El gran compositor vienés, compatriota de Mozart, asumía sin reparos su modesta extracción social, su condición de ciudadano de segunda fila e incluso aceptaba la necesidad de descubrirse ante la presencia de gente de posición “superior” a la suya. Joseph Haydn fue un genio, como Mozart, pero no había sido un niño prodigio de semejante magnitud y había crecido asumiendo su humilde papel de empleado. Haydn era hijo de un mecánico de carruajes, un plebeyo en toda regla, y todo su talento e incluso su fama no le bastaban para creer que había ascendido demasiado en la pirámide social, o que merecía ascender siquiera.

El caso de Mozart era bien distinto. A él le costaba aceptar el statu quo. También era plebeyo, aunque venía de una familia con mentalidad más burguesa. Pero lo importante es que sus primeros contactos con el mundo no pudieron ser más diferentes a los de Haydn. Desde pequeño y hasta su pubertad, Mozart recibió carantoñas —por citar sólo algunos nombres— del rey Jorge III de Inglaterra, del rey Luis XV de Francia, del emperador José II, e incluso del Papa Clemente XIV.
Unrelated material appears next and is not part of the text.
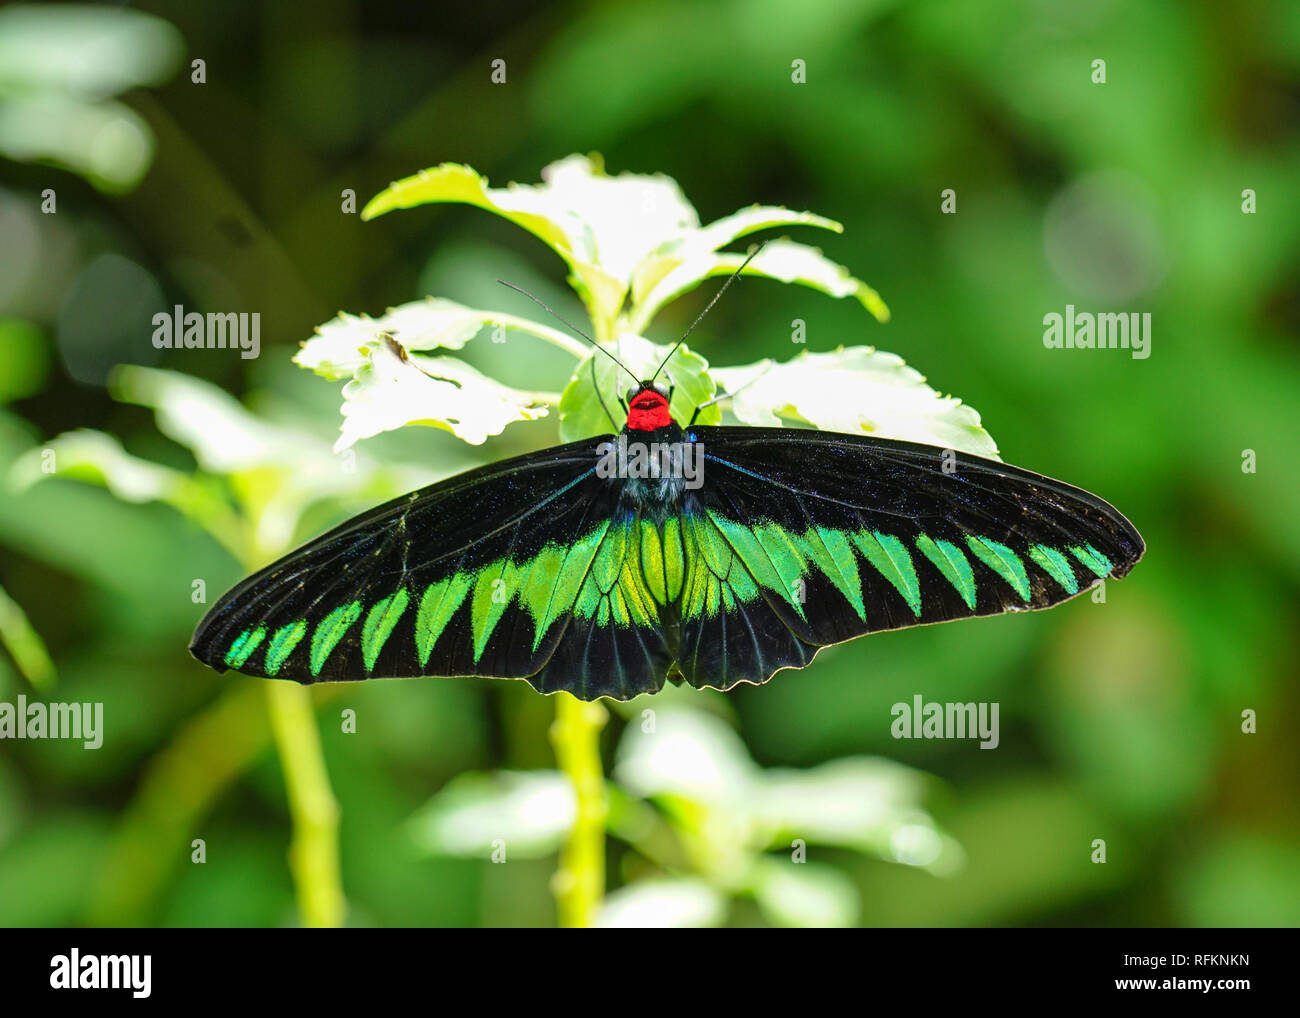 Rajah Brooke butterfly found in a garden Stock Photo - Alamy

Durante su infancia disfrutó de una condición de superestrella prácticamente inalcanzable para los demás músicos de su tiempo. Además —y esto también es un detalle importante— su padre le inculcó un agudo sentido del orgullo y un ansia de respetabilidad social que, al menos según los cánones de la época, resultaba fuera de lugar para alguien de su condición. El pequeño Amadeus fue educado en la necesidad de aparentar siempre una posición social elevada.
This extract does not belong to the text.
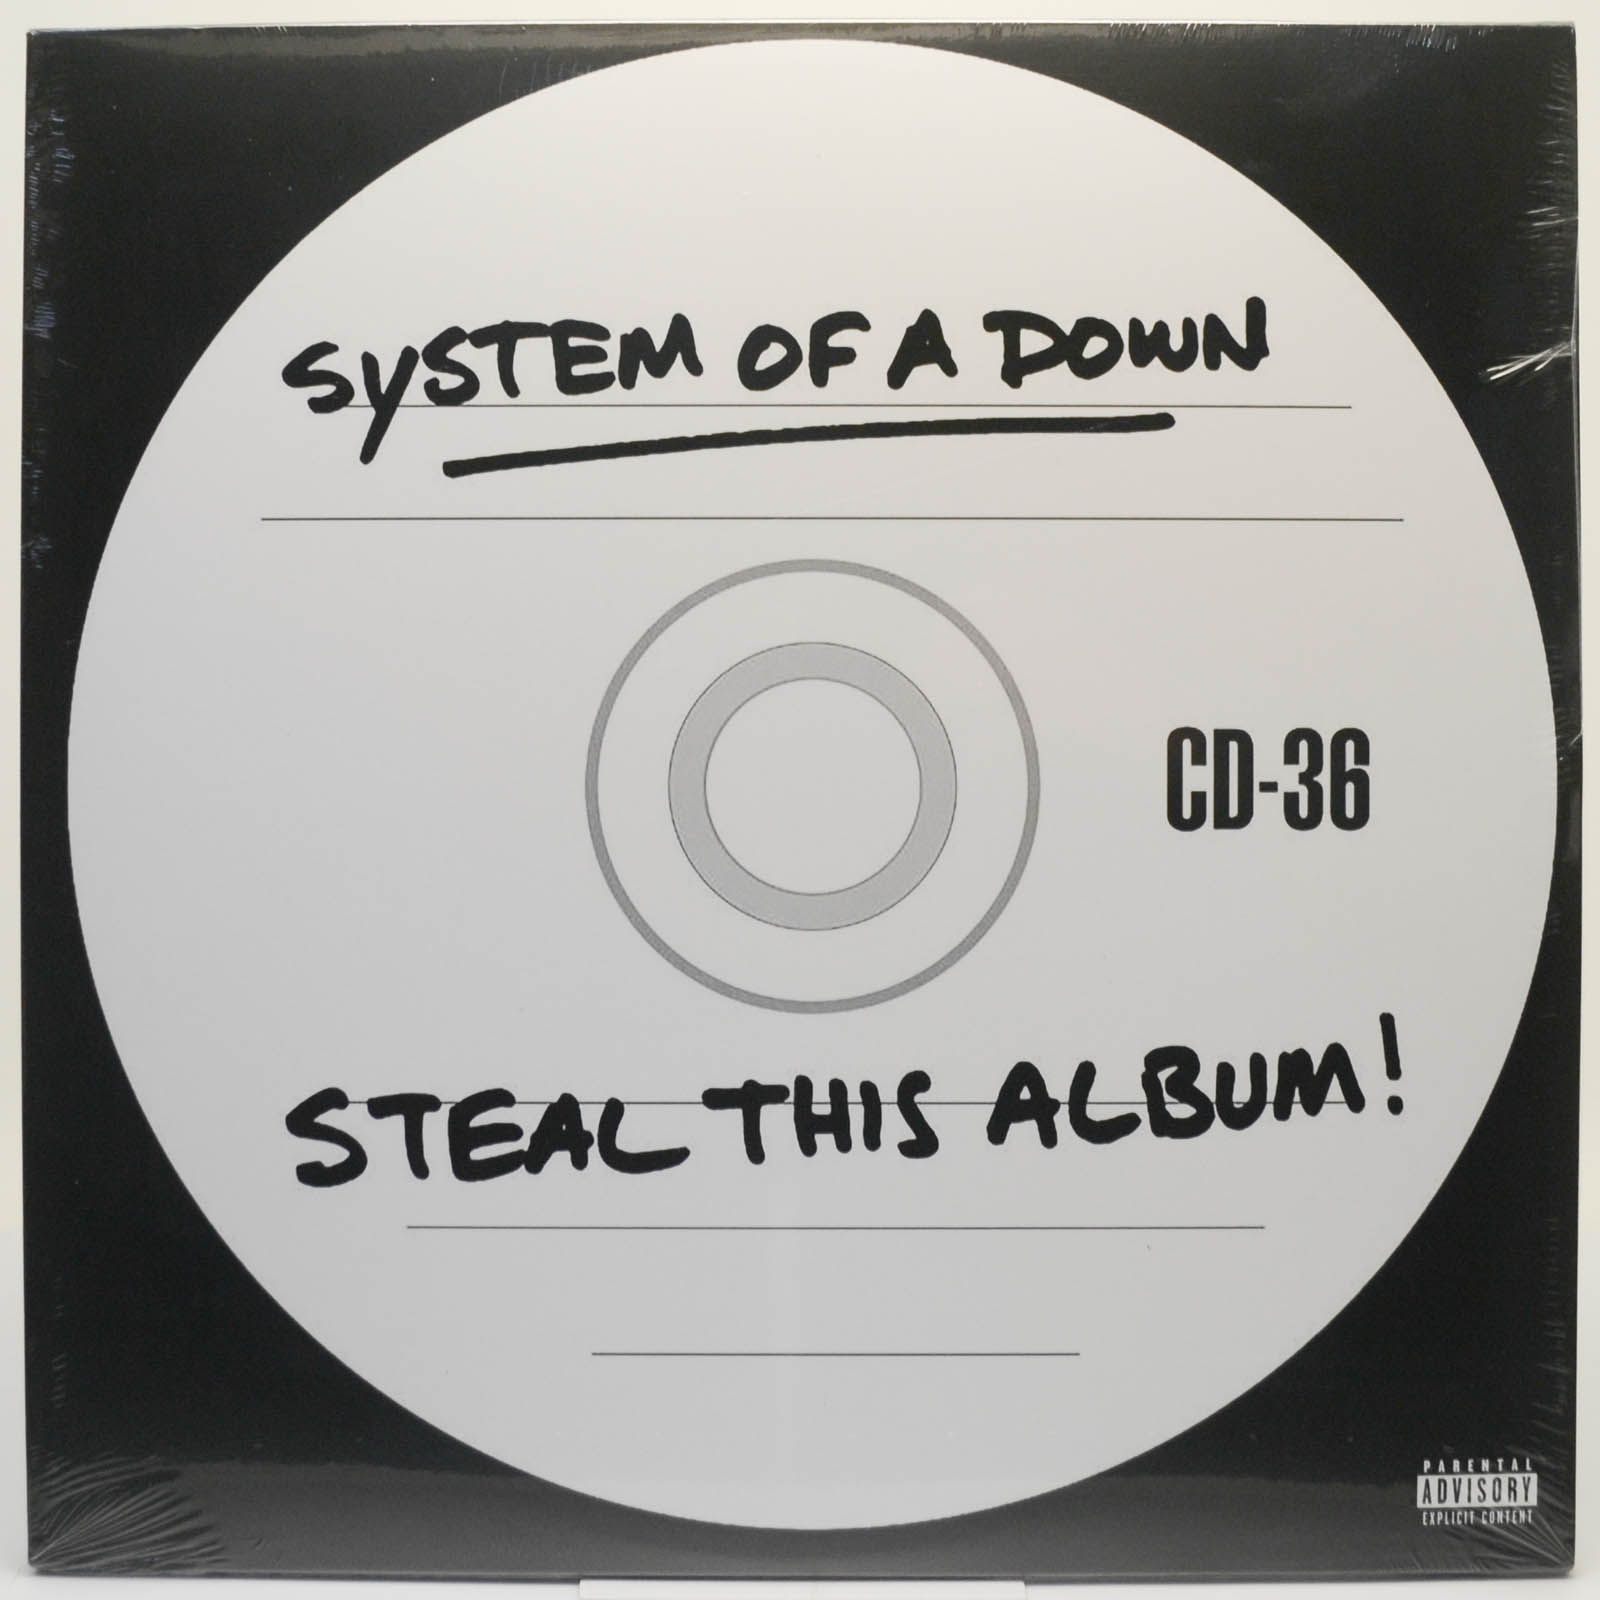 System Of A Down — Steal This Album! (2LP), 2002

Leopold era un hombre cultivado y muy orgulloso, y convencido de que Wolfgang Amadeus merecía terminar viviendo entre la aristocracia, le enseñó que debía siempre vestir impecablemente y con ropas caras, que debía tener algún criado a su servicio, y que debía comportarse con maneras de aristócrata… aunque estaba muy lejos de serlo. Aquel afán por aparentar estaría detrás de muchos de los apuros económicos de Wolfgang Amadeus Mozart.

A menudo vivió por encima de sus posibilidades. Hasta el día de su muerte usó ropajes finos y tuvo algunos criados, aunque su economía estuviese en severos números rojos. Poca gente pudo sospechar el estado de necesidad económica en que se encontraba realmente y las deudas que había contraído, ya que era demasiado orgulloso para dejar que se conociese públicamente su situación.

Cuidaba con mimo su vestuario y su aspecto era siempre espléndido, así que nadie conocía sus miserias. Sólo algunos de sus amigos más cercanos —especialmente Johann Michael Puchberg, a quien Mozart solía pedir dinero asiduamente en patéticas cartas repletas de súplicas y desesperación— sabían de su difícil situación financiera, pero de puertas afuera Mozart era un hombre acomodado.

De hecho, casi todo el mundo quedó sorprendido al descubrir, tras la muerte del compositor, que a su familia no le quedaba nada excepto aquellas deudas. Si Mozart hubiese sido menos vanidoso y hubiese confesado sus dificultades a más gente, probablemente hubiese recibido más ayudas que las esporádicas de algún amigo, ya que —pese a la creencia que fomentan las leyendas— Mozart no murió olvidado. Su talento era enormemente apreciado en el momento en que falleció.

Antonio Salieri pudo no ser el malvado que ha pintado la leyenda.

Pero, ¿cómo evitar que Mozart fuese un hombre tan orgulloso? Durante sus primeros años no sólo conquistó la voluble simpatía de la nobleza, sino también el respeto de los músicos consagrados, quienes invariablemente se rendían ante el increíble potencial del niño.

Por ejemplo, Johann Christian Bach —hijo del colosal Johann Sebastian y también un reputado compositor— admiró enormemente a Mozart desde que lo conoció durante una de sus giras infantiles. También el gran Joseph Haydn quedó asombrado por el joven prodigio y admiraba sobremanera el ingenio musical de Mozart (“no volverá a existir un talento igual en cien años”).

Con el tiempo, Haydn y Mozart se convirtieron en amigos y profesaban una pública admiración mutua, aunque sus respectivas maneras de asimilar la situación profesional de un músico no podían ser más distintas. Pero volviendo al grano: el pequeño genio austriaco se había metido en el bolsillo al mundillo musical europeo antes de terminar su adolescencia. Incluso entró a formar parte de la Academia Filarmónica de Bolonia —uno de los centros musicales más excelsos del continente— varios años antes de cumplir la edad mínima exigida a los nuevos miembros.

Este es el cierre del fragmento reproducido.